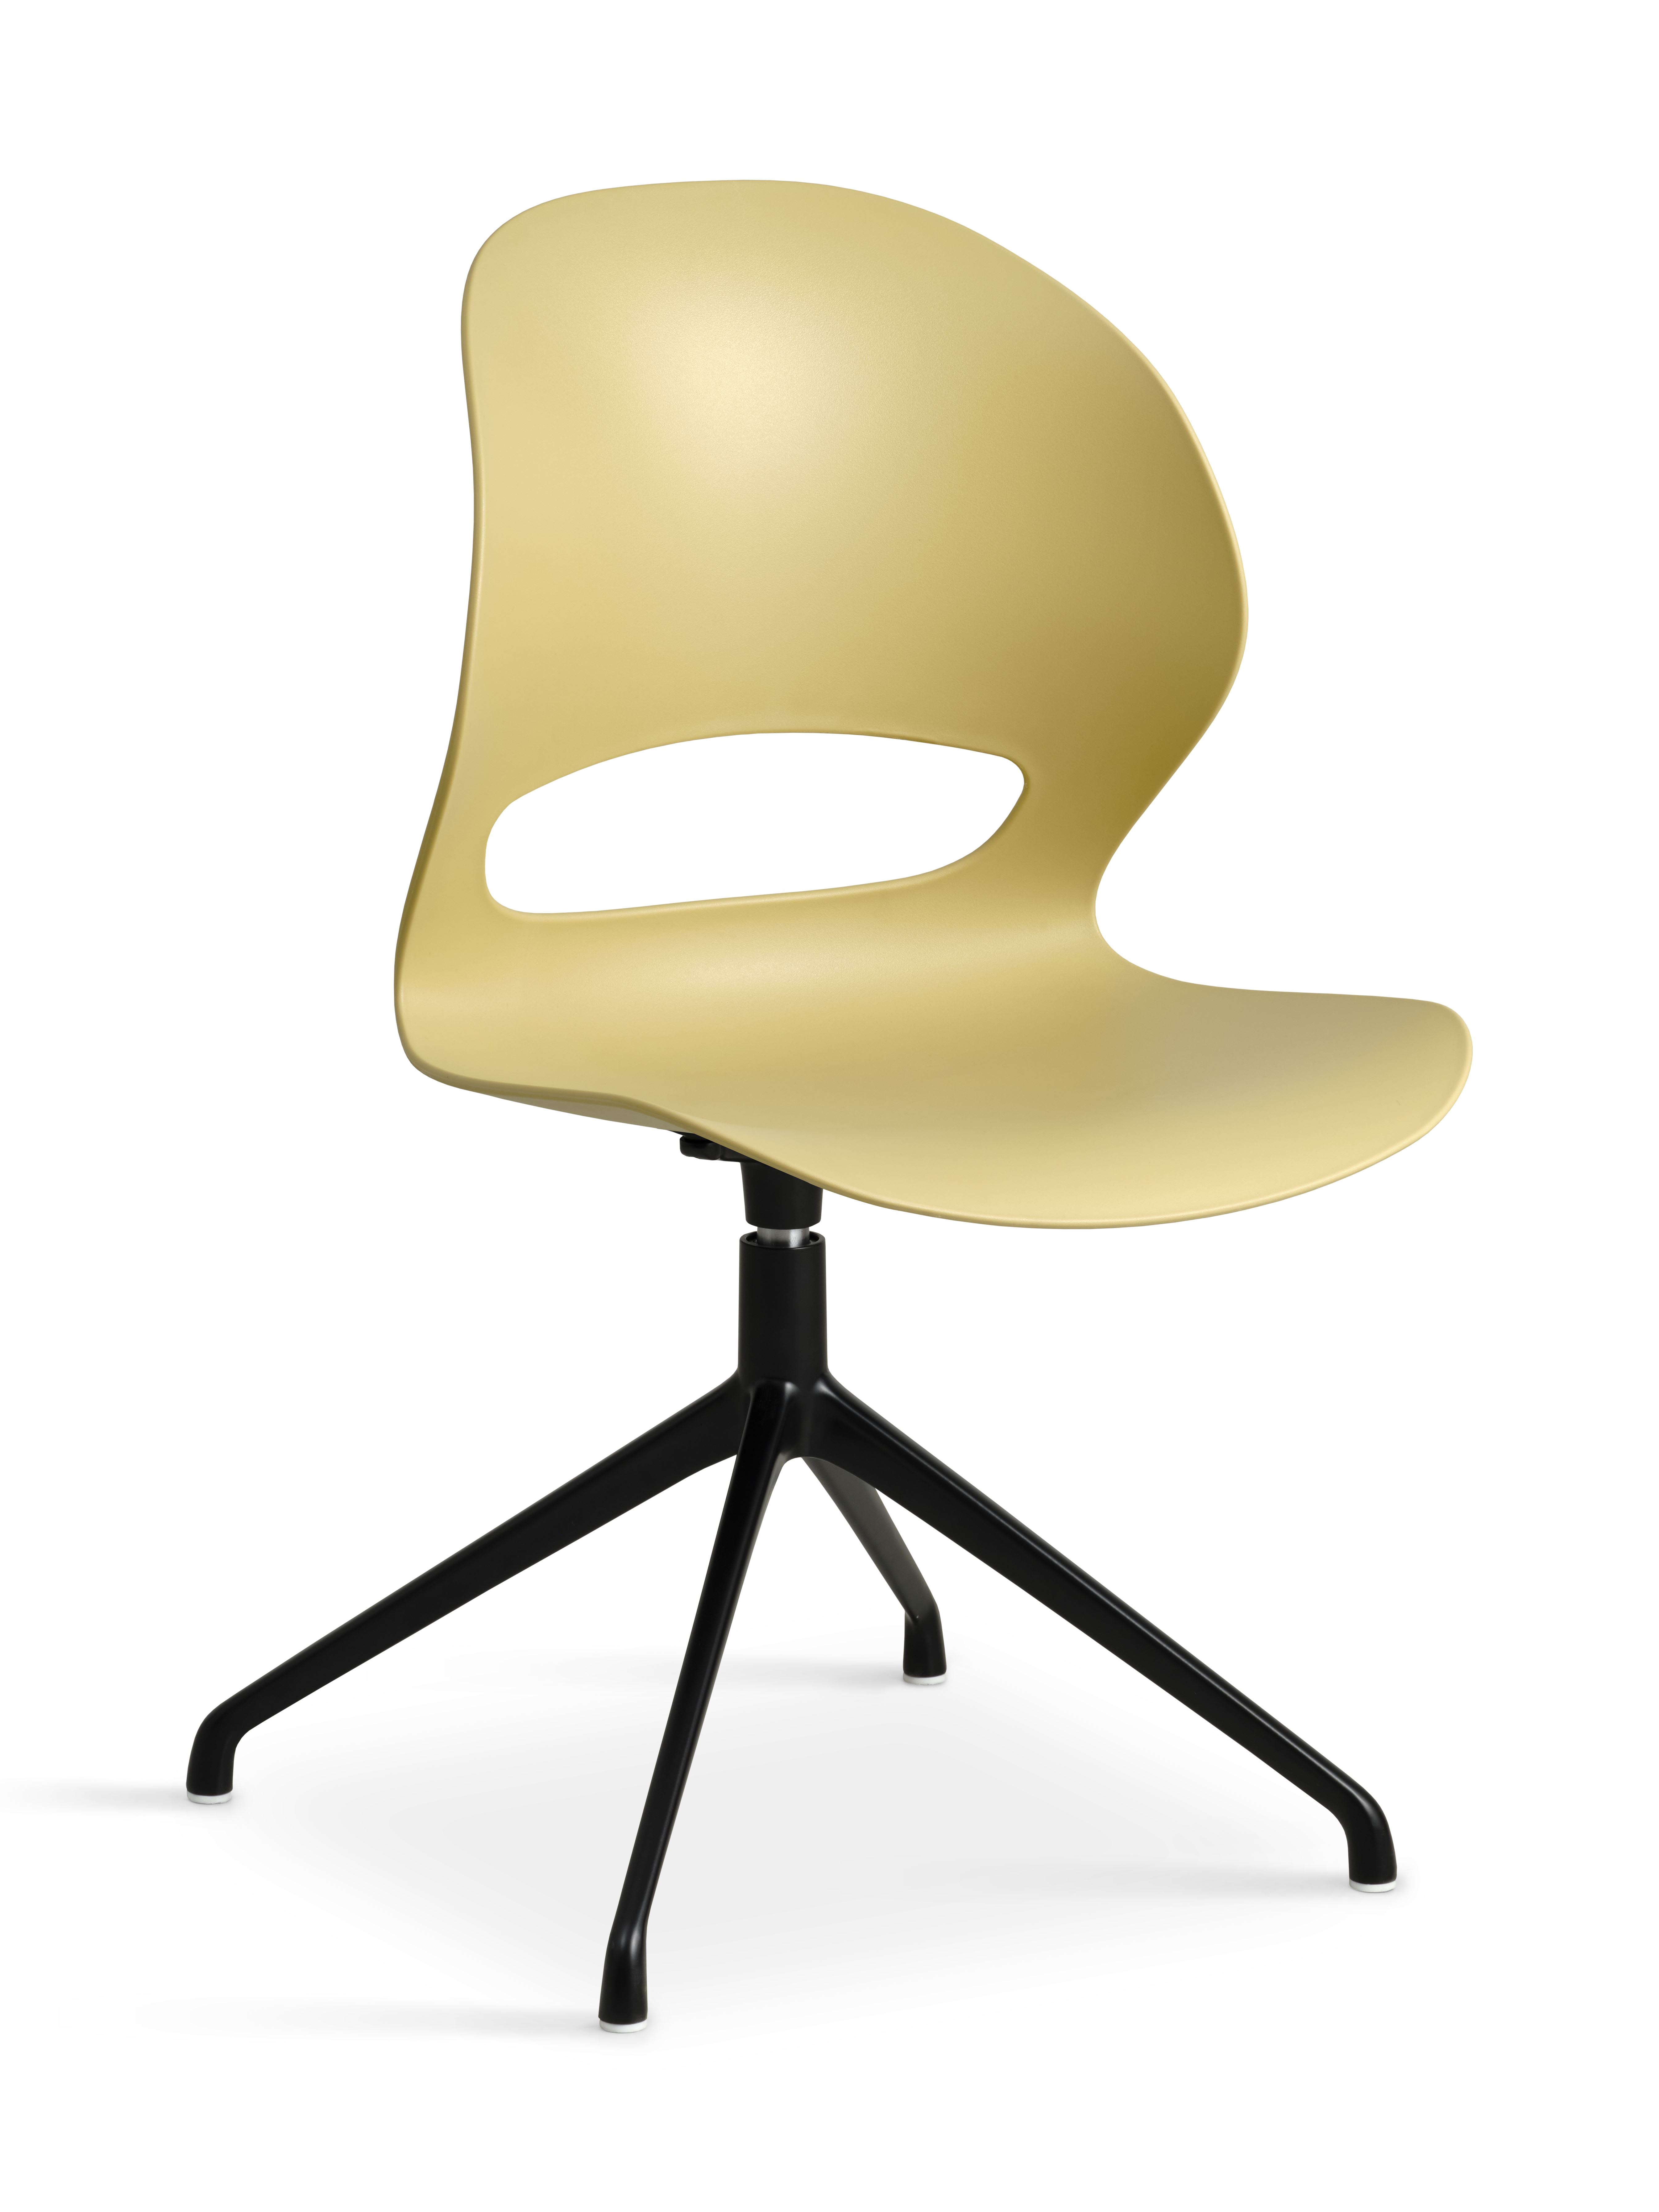 Linea spisebordsstol, m. drejefunktion - sennepsgul PVC og sort metal
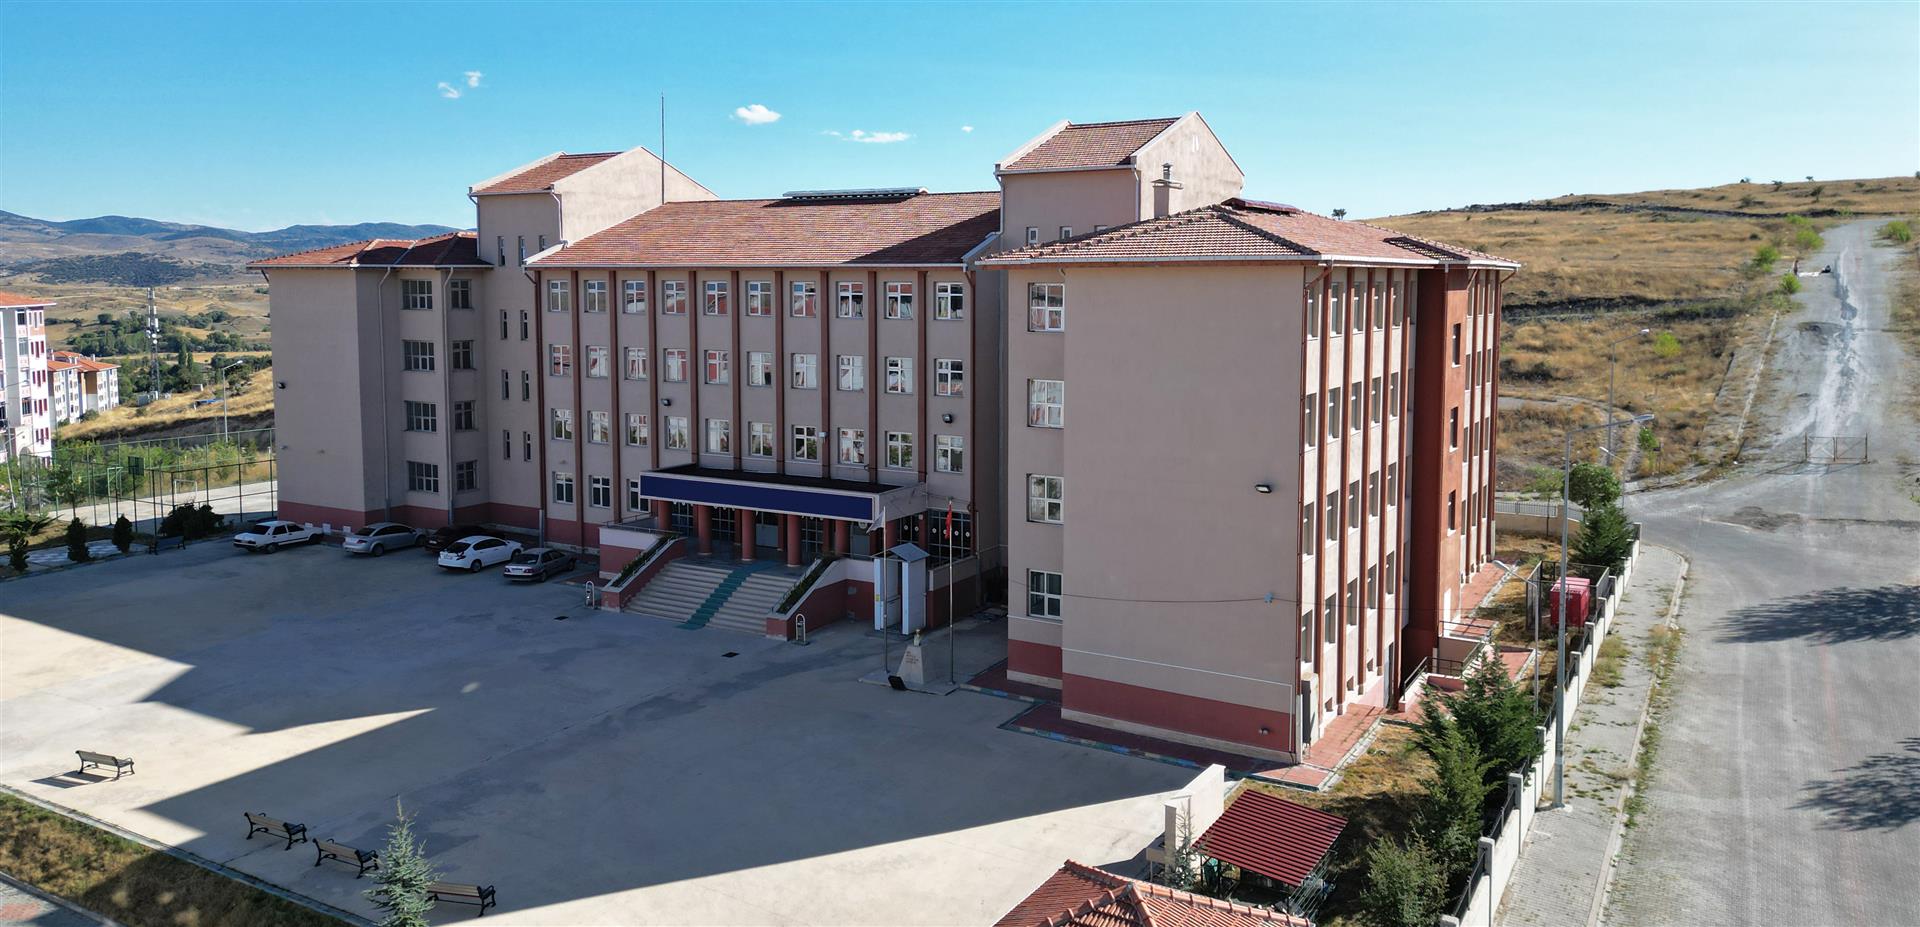 cankiri universitesi find and study 3 - Çankırı Karatekin Üniversitesi
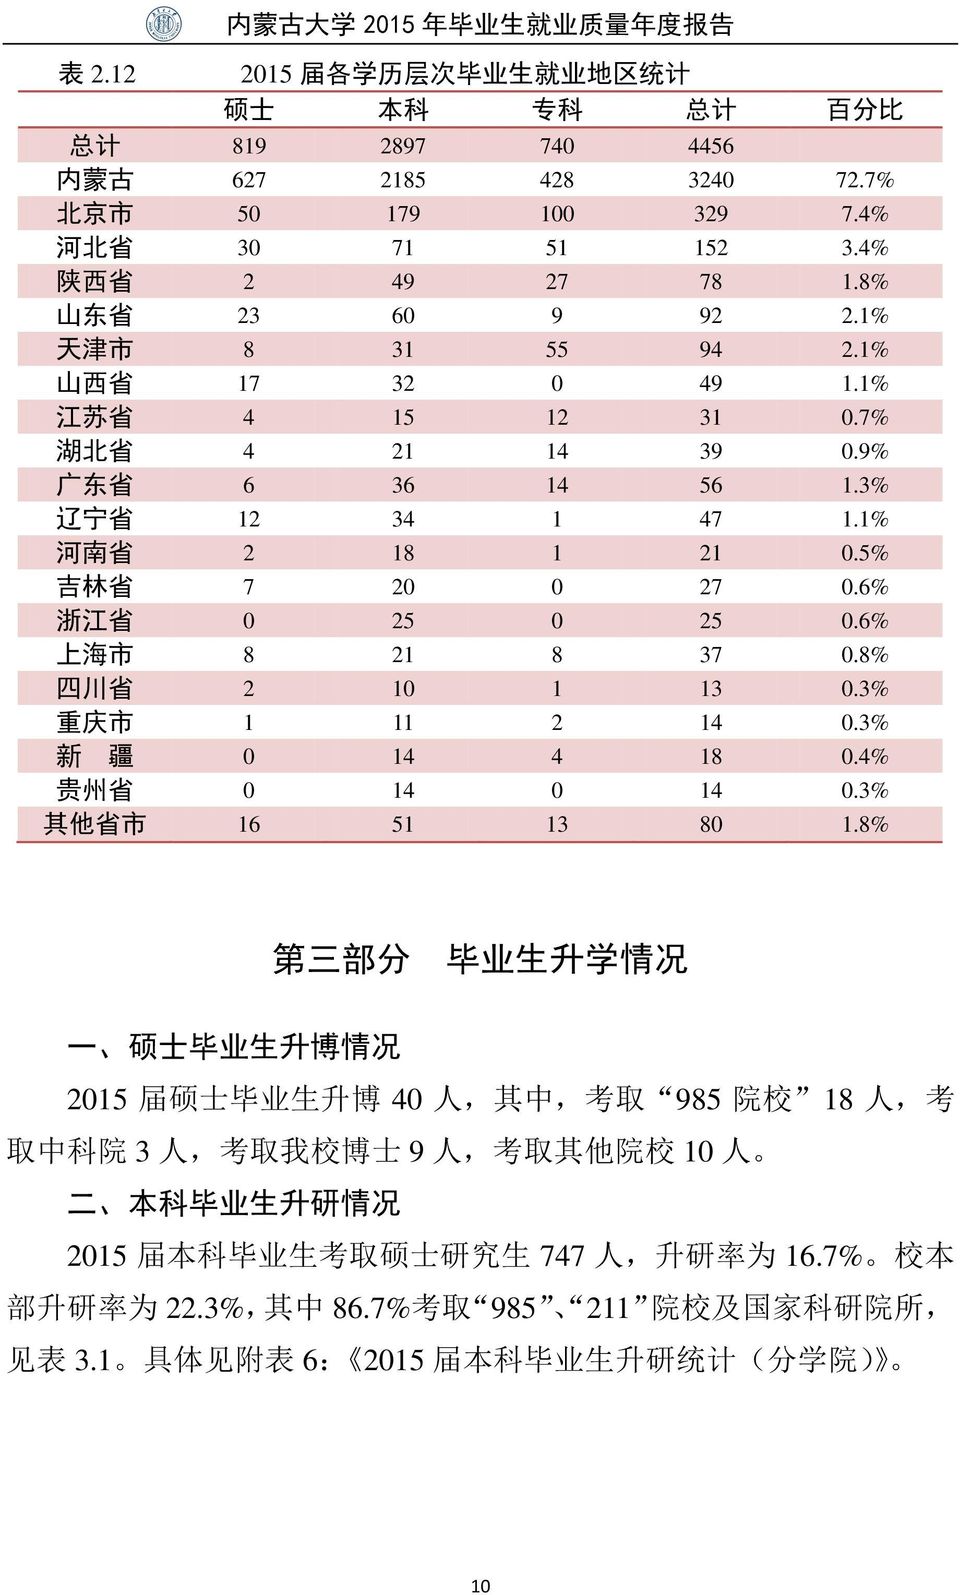 6% 浙 江 省 0 25 0 25 0.6% 上 海 市 8 21 8 37 0.8% 四 川 省 2 10 1 13 0.3% 重 庆 市 1 11 2 14 0.3% 新 疆 0 14 4 18 0.4% 贵 州 省 0 14 0 14 0.3% 其 他 省 市 16 51 13 80 1.

EXERCISE.
Copy out all the data exactly, skipping the pictures.

YOUR SOLUTION.
 Linea spisebordsstol, m. drejefunktion - sennepsgul PVC og sort metal
 cankiri universitesi find and study 3 - Çankırı Karatekin Üniversitesi
 6% 浙 江 省 0 25 0 25 0.6% 上 海 市 8 21 8 37 0.8% 四 川 省 2 10 1 13 0.3% 重 庆 市 1 11 2 14 0.3% 新 疆 0 14 4 18 0.4% 贵 州 省 0 14 0 14 0.3% 其 他 省 市 16 51 13 80 1.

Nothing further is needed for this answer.